UTANG Luar Negeri (ULN) Indonesia di akhir tahun lalu atau Kuartal IV 2021 mencapai USD 451,1 miliar atau sekitar Rp 5.935,23 triliun (kurs Rp 14.300). Angka ini menurun 0,4 persen jika dibandingkan periode yang sama di akhir 2020.
Penurunan ULN tersebut merupakan pertama kalinya sejak 2011. Secara rinci, ULN di 2011 mencapai USD 225,4 miliar, 2012 sebesar USD 252,4 miliar, 2013 sebesar USD 266,1 miliar, 2014 sebesar USD 293,3 miliar, dan 2015 sebesar USD 310,7 miliar.
“Perkembangan tersebut disebabkan oleh penurunan posisi ULN sektor publik (pemerintah dan bank sentral) dan sektor swasta,” ujar Direktur Eksekutif Kepala Departemen Komunikasi BI, Erwin Haryono, dalam keterangan resmi, Selasa (15/2/2022).
Secara tahunan, posisi ULN pada kuartal IV 2021 turun 0,4 persen, setelah tumbuh 3,8 persen pada kuartal sebelumnya.
Jika dirinci, ULN pemerintah US$200,2 miliar atau turun dari posisi kuartal sebelumnya, US$205,5 miliar. Secara tahunan, ULN pemerintah turun 3 persen setelah menanjak 4,1 persen pada kuartal III 2021.
“Penurunan ULN terjadi seiring beberapa seri Surat Berharga Negara (SBN) yang jatuh tempo dan pelunasan sebagian pokok pinjaman di kuartal IV 2021,” ujarnya.
Di samping itu, volatilitas di pasar keuangan global yang cenderung tinggi turut berpengaruh pada perpindahan investasi dari SBN ke instrumen lain, sehingga mengurangi porsi kepemilikan investor asing pada SBN.

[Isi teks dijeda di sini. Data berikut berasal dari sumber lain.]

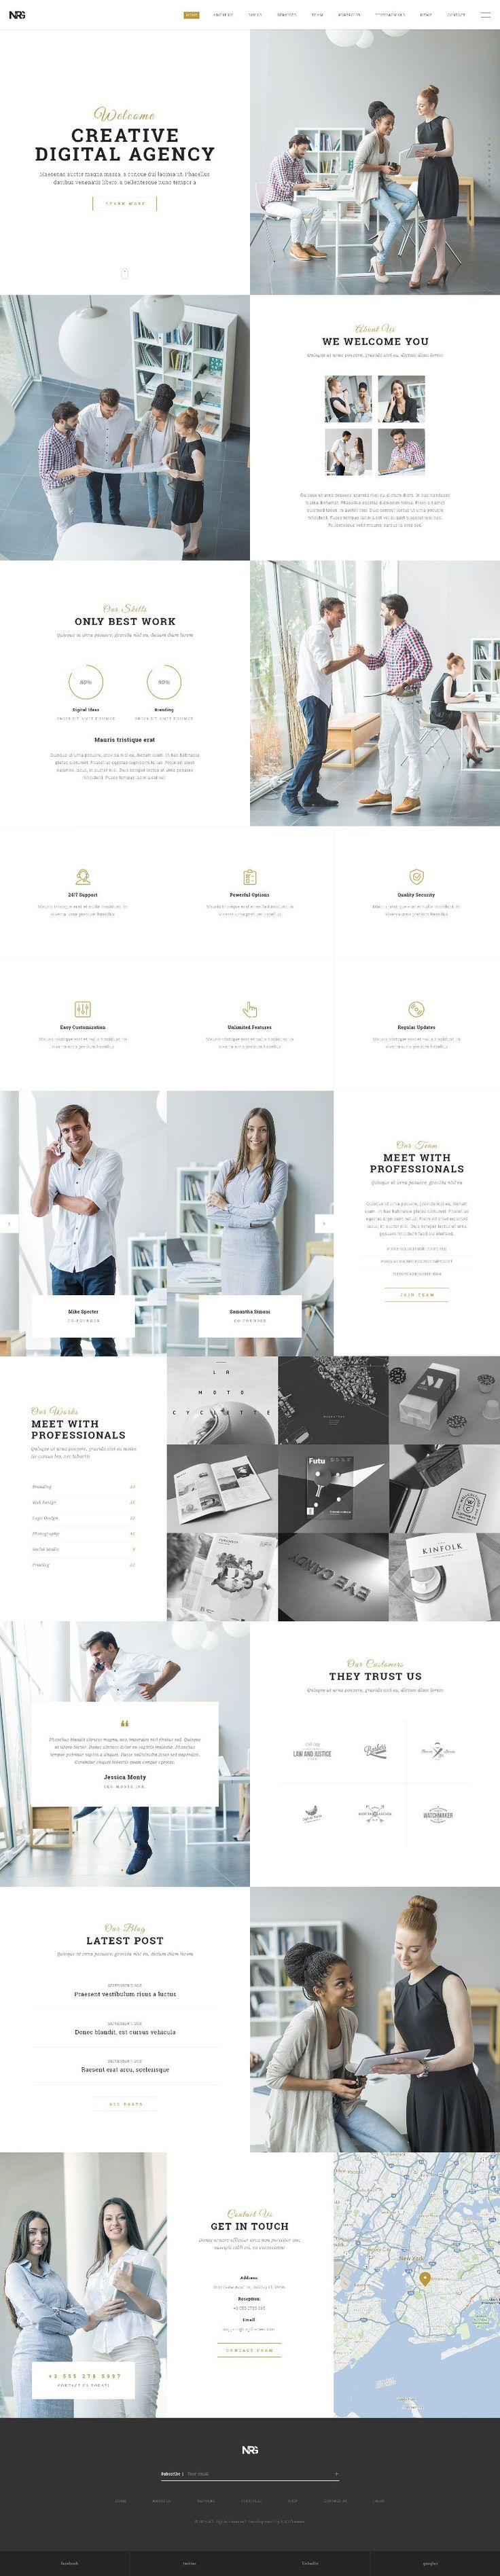 Web Design Inspiration from NRG 2

Penurunan juga terjadi pada utang luar negeri swasta dari US$209,3 miliar menjadi US$205,9 miliar. Secara tahunan, ULN swasta merosot 0,9 persen pada kuartal IV 2021, usai tumbuh 0,6 persen pada kuartal sebelumnya.
“Perkembangan tersebut disebabkan oleh semakin dalamnya kontraksi ULN lembaga keuangan (financial corporations) menjadi 4,2 persen (yoy), dari kontraksi kuartal sebelumnya 2,7 persen (yoy), dan kontraksi ULN korporasi bukan lembaga keuangan (nonfinancial corporations) menjadi sekitar 0,01 persen, setelah tumbuh 1,5 persen (yoy) pada kuartal III 2021,” ujarnya.
Meski bertambah, BI mengklaim utang luar negeri Indonesia saat ini masih cukup sehat. Itu tercermin dari rasio utang luar negeri terhadap PDB yang masih terjaga di kisaran 35 persen.
Rasio utang tersebut turun dibandingkan kuartal sebelumnya yang sempat menyentuh 37 persen. Selain itu, kesehatan utang juga tercermin dari porsi utang luar negeri yang 88,3 persen di antaranya jangka panjang.
Agar kesehatan utang itu terus terjaga, Erwin menerangkan BI dan pemerintah akan terus berupaya memperkuat koordinasi dan pemantauan perkembangan utang luar negeri. Selain itu, pemerintah dan BI juga akan menerapkan prinsip kehati-hatian dalam pengelolaan utang tersebut.
“Peran ULN juga akan terus dioptimalkan dalam menopang pembiayaan pembangunan dan mendorong pemulihan ekonomi nasional, dengan meminimalisasi risiko yang dapat memengaruhi stabilitas perekonomian,” ujarnya.